Despite efforts to transfer cleared and overstaying containers from the MICT to a facility inside the Manila North Harbor, Santiago said there is still not enough breathing space for the Manila port terminals to operate efficiently and productively.

“Again, government is appealing to the consignees, cargo owners, brokers, logistics, manufacturers and other supply chain service providers to help us address this situation by withdrawing their cargoes,” he said. “We really need to clear these cargoes to accommodate the incoming ones as most of our needs to fight this COVID-19 pandemic are in these incoming cargoes,” Santiago said.

The PPA, Bureau of Customs, Department of Trade and Industry, and Department of Agriculture are now looking at measures to prevent congestion at the ports after the Inter-Agency Task Force for the Management of Emerging Infectious Diseases issued an order to clear the ports of containers.

The PPA said among the measures being considered for implementation include the forfeiture of overstaying cargoes in favor of government, and reducing the cargo clearing and free storage periods from the current allowable time to force cargo owners to withdraw as they will be burdened with heavy fines, penalties, and storage fees.

The agencies are expected to come out with a joint memorandum circular to effect the needed yard management at the Manila ports.

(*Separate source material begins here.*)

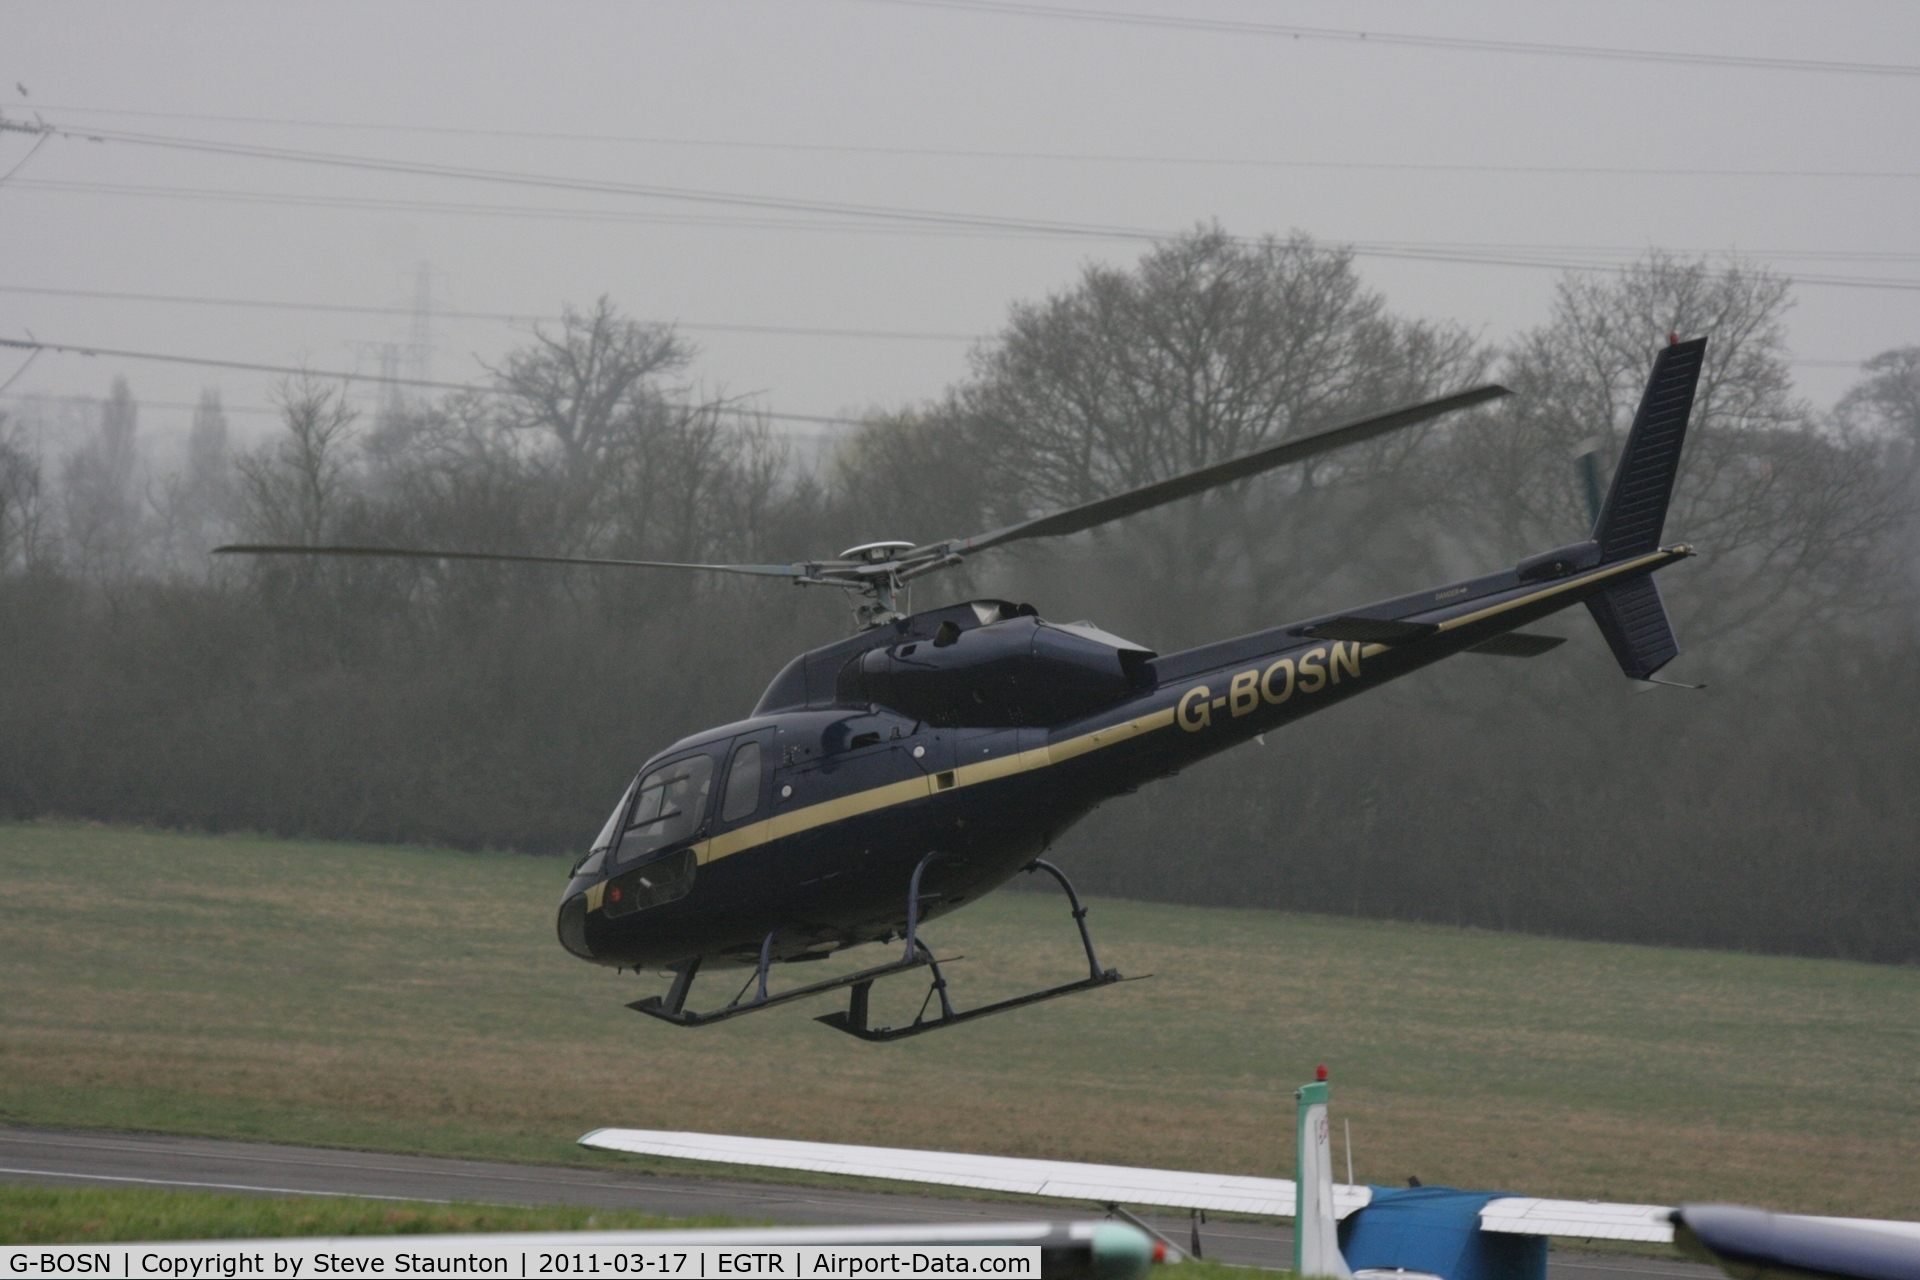 G-BOSN, 1982 Aerospatiale AS-355F-1 Ecureuil 2 C/N 5266, Taken at Elstree Airfield March 2011

As a stop-gap measure, the PPA has authorized an area at the Manila North Harbor, the country’s premiere domestic terminal, for the purpose of the immediate and accelerated transfer of all overstaying foreign containers already cleared for delivery or withdrawal.

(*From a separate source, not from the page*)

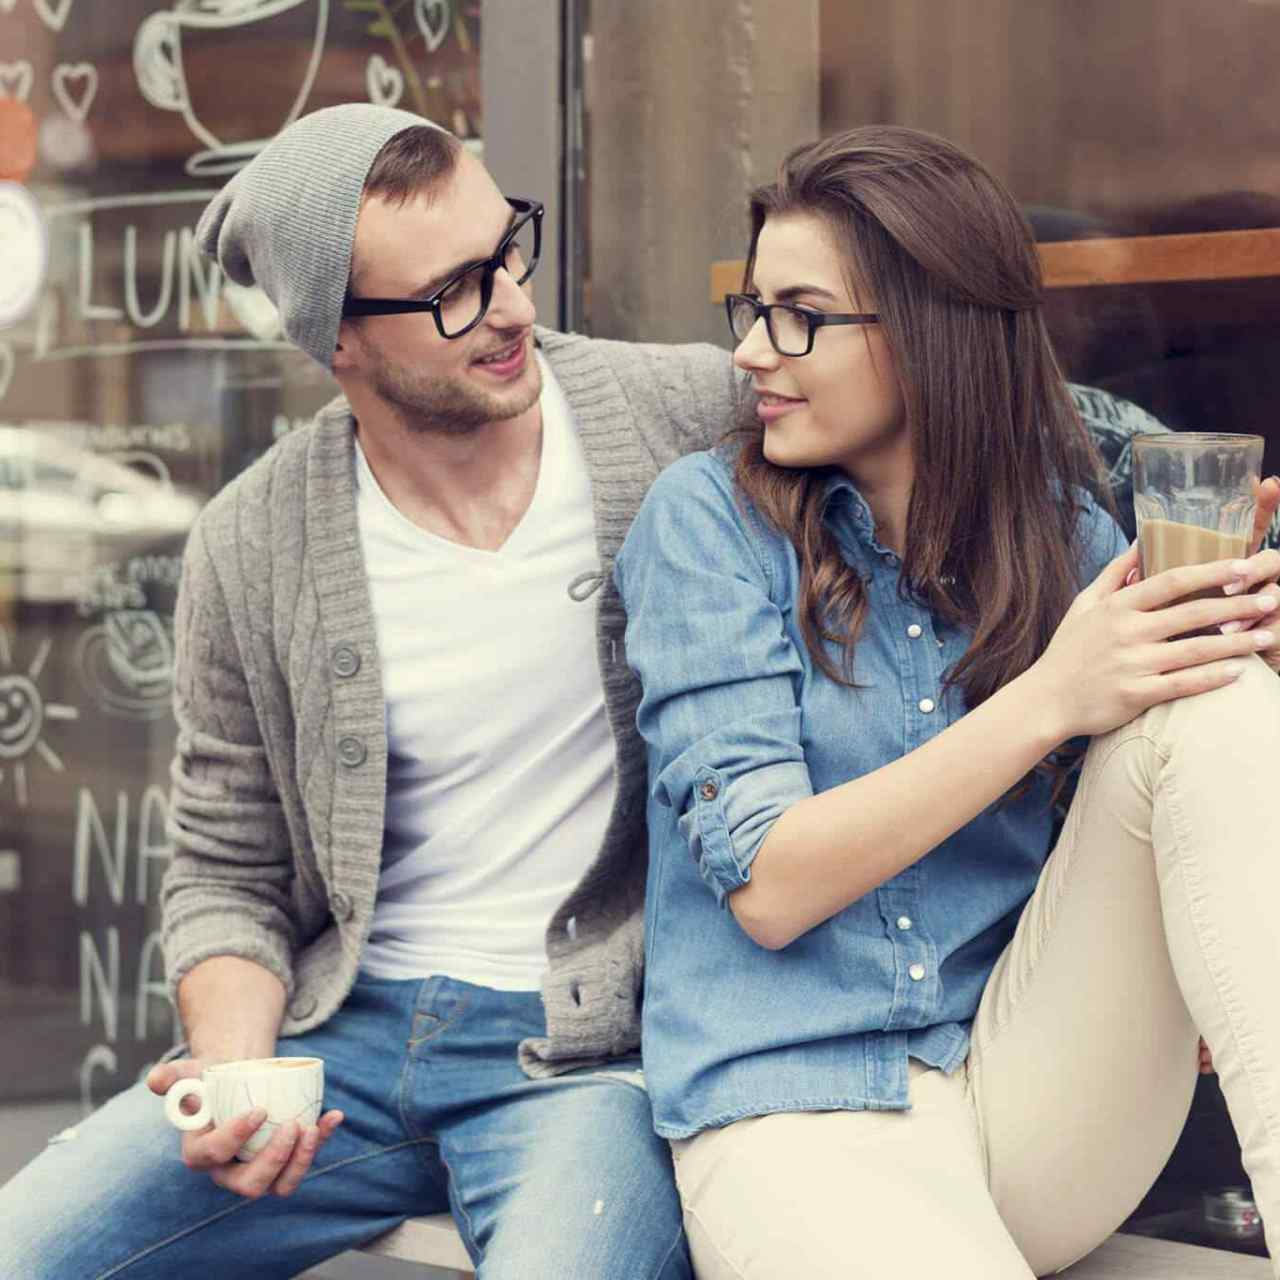 https://i0.wp.com/truhap.com/wp-content/uploads/2018/01/img-class-marriage-02.jpg?resize=1280%2C1280&ssl=1

This is to maintain the high operational efficiency and productivity of the MICT while the entire island of Luzon is under the enhanced community quarantine.

Last Friday, International Container Terminal Services Inc. (ICTSI) appealed to cargo owners to remove immediately their containers at its flagship MICT to ensure efficient maritime trade flow.

ICTSI executive vice president Christian Gonzalez said they have now reached a point where it is becoming impossible to operate in an efficient manner.

“Containers are simply not being removed from the terminal. We understand that it is unfeasible for some, and many businesses have been temporarily shut down, but without the full support of everyone that is able to open, we will come to a point when efficient operations will no longer be possible,” Gonzalez said.

As of Friday, the PPA said over 800 cleared reefer vans are inside the MICT containing perishables like food, medicines and other essentials, while more than 2,000 dry containers already cleared and ready for delivery remain inside the terminal.

The number has further increased as of yesterday, according to PPA.